Immunomodulation of Helicobacter Infection

Ken Croitoru

Intestinal Diseases Research Program, Department of Medicine, Division of Gastroenterology, McMaster University, Hamilton, Ontario, Canada

Copyright © 1999 Hindawi Publishing Corporation. This is an open access article distributed under the Creative Commons Attribution License, which permits unrestricted use, distribution, and reproduction in any medium, provided the original work is properly cited.

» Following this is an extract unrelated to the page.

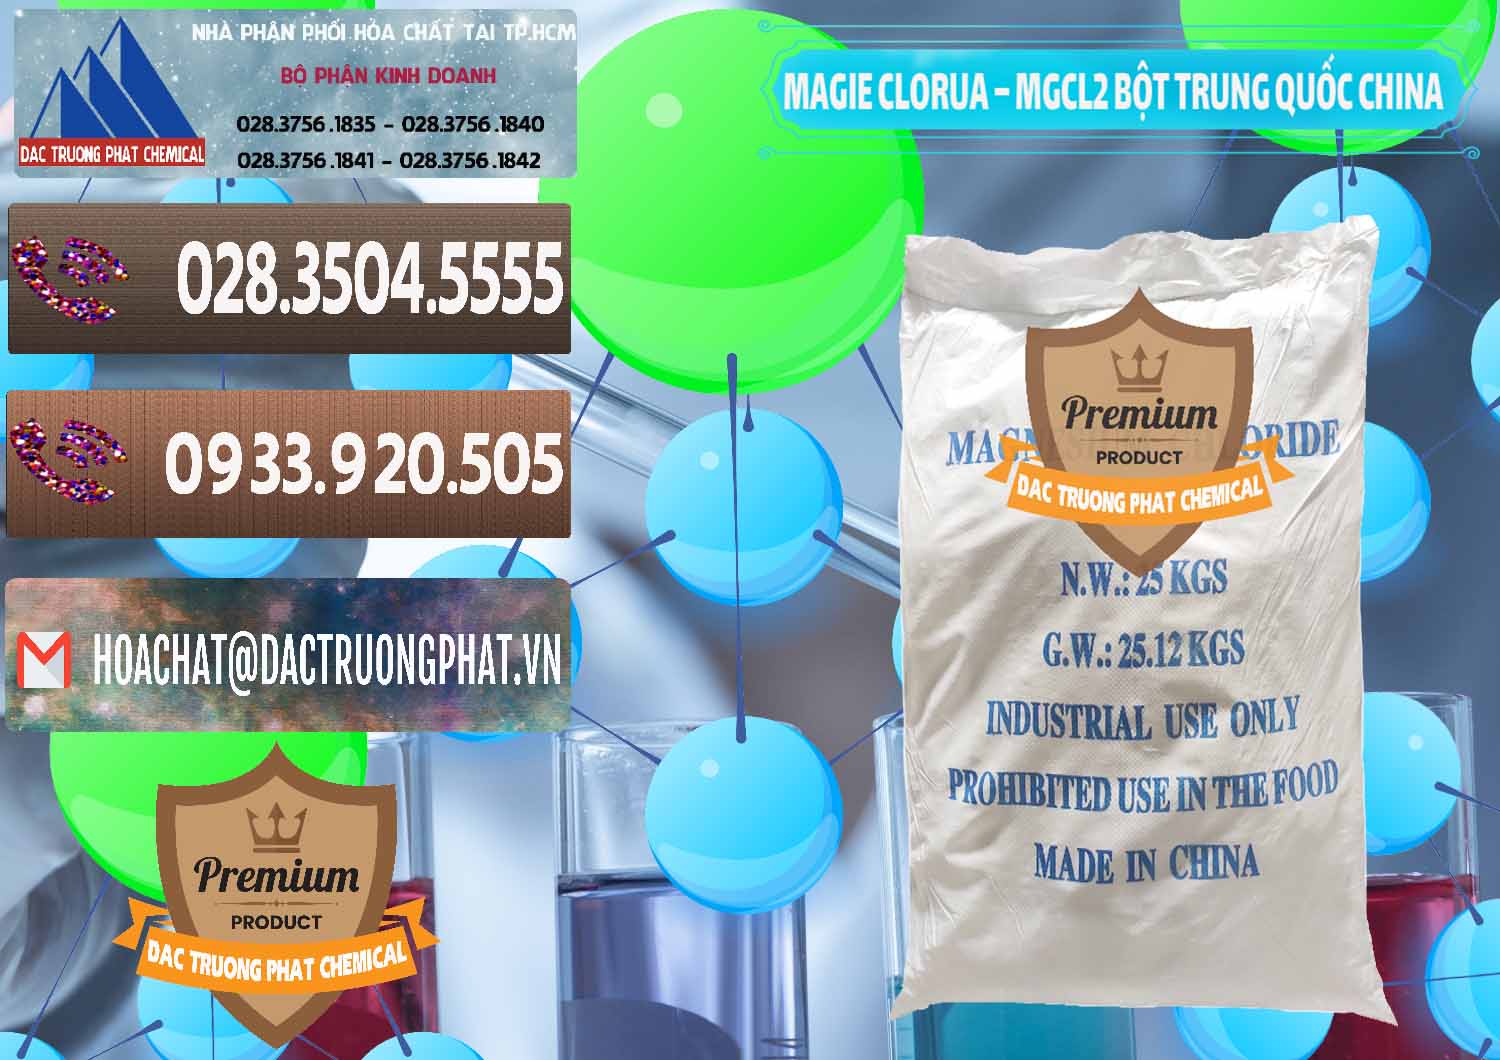 Nơi cung ứng và bán Magie Clorua – MGCL2 96% Dạng Bột Bao Chữ Xanh Trung Quốc China - 0207 - Đơn vị chuyên kinh doanh ( phân phối ) hóa chất tại TP.HCM - hoachatviet.net
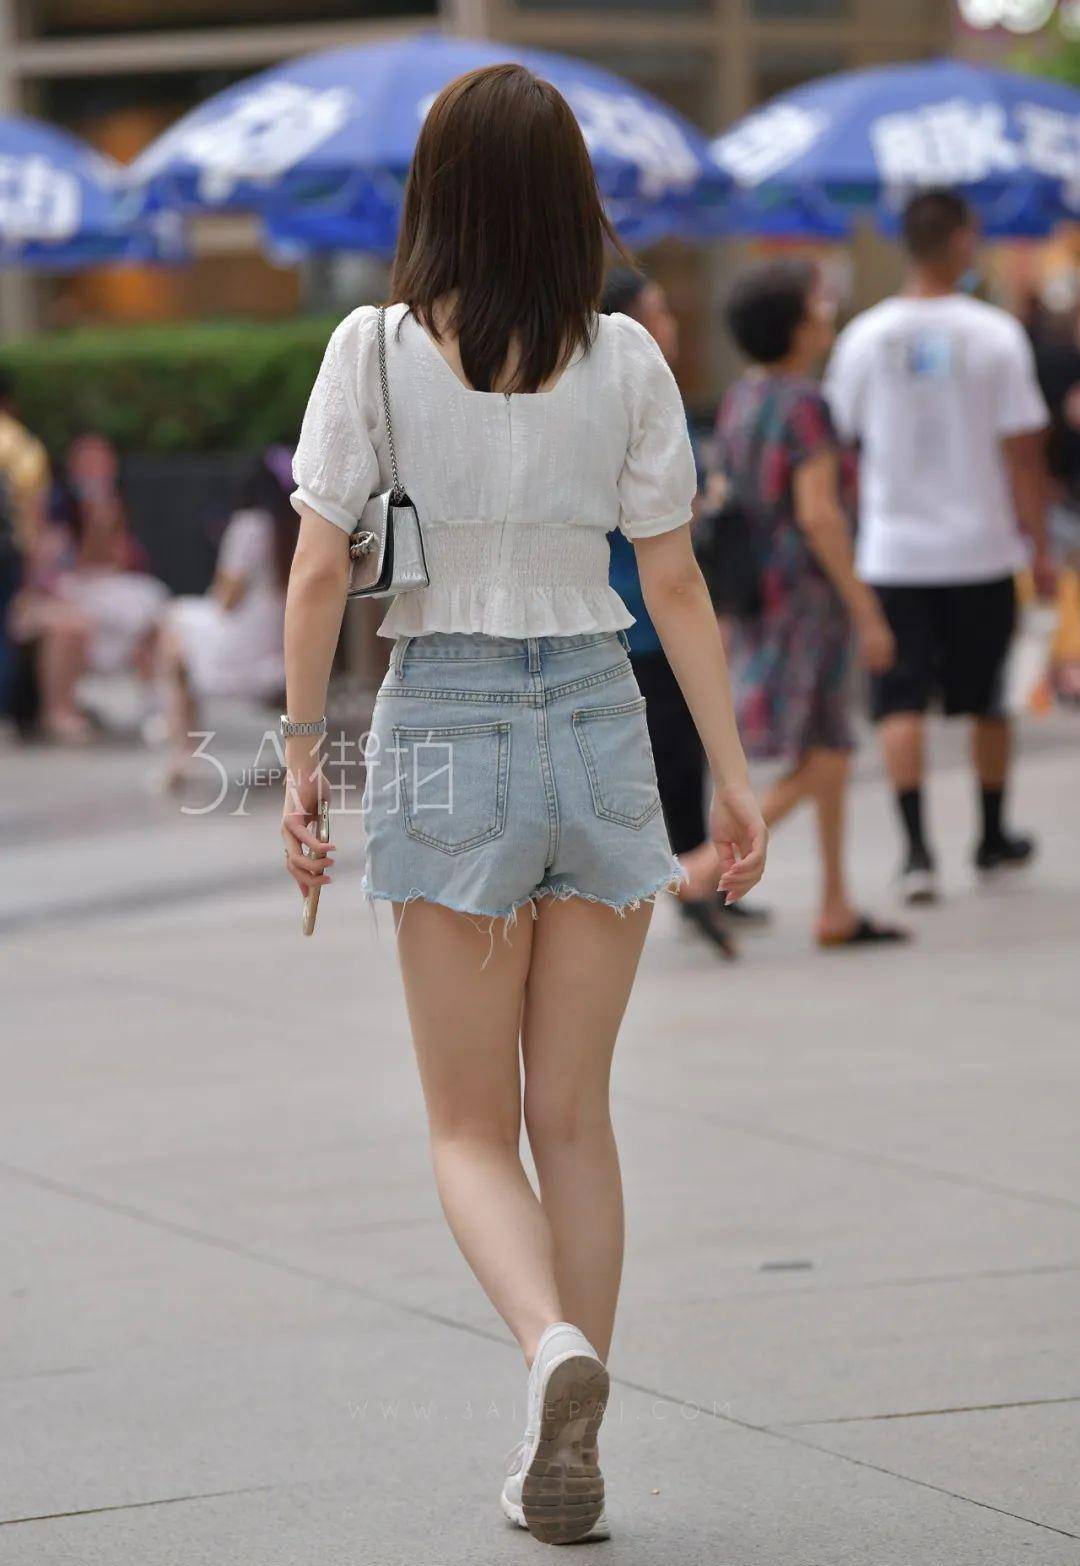 Người đẹp Trung Quốc diện quần ôm xuống phố, không nhìn thấy mặt cũng nổi bật - ảnh 4

Helicobacter pylori leads to a chronic infection in humans that is associated with gastric inflammation and a vigorous immune response. Despite the humoral and cellular responses that can be detected in both human and animal models of helicobacter infection, the immune response fails to eliminate the organism. Eradication failure may be due to the niche in which H pylori confines itself, well away from direct contact with elements of the immune system. Alternatively, the general tendency of the intestinal immune response to down- regulate reactivity to noninvasive luminal bacteria also may contribute to the failure to eliminate helicobacter infection. Results of vaccine studies in mouse models indicate that modulating the helper T cell response from a T helper cell type 1 to a T helper cell type 2 response likely is required for the prevention and elimination of helicobacter infection. Understanding the mechanisms by which the immune response controls bacterial infections will allow for the design of novel strategies of immune modulation and the development of vaccines for both the treatment and prevention of H pylori.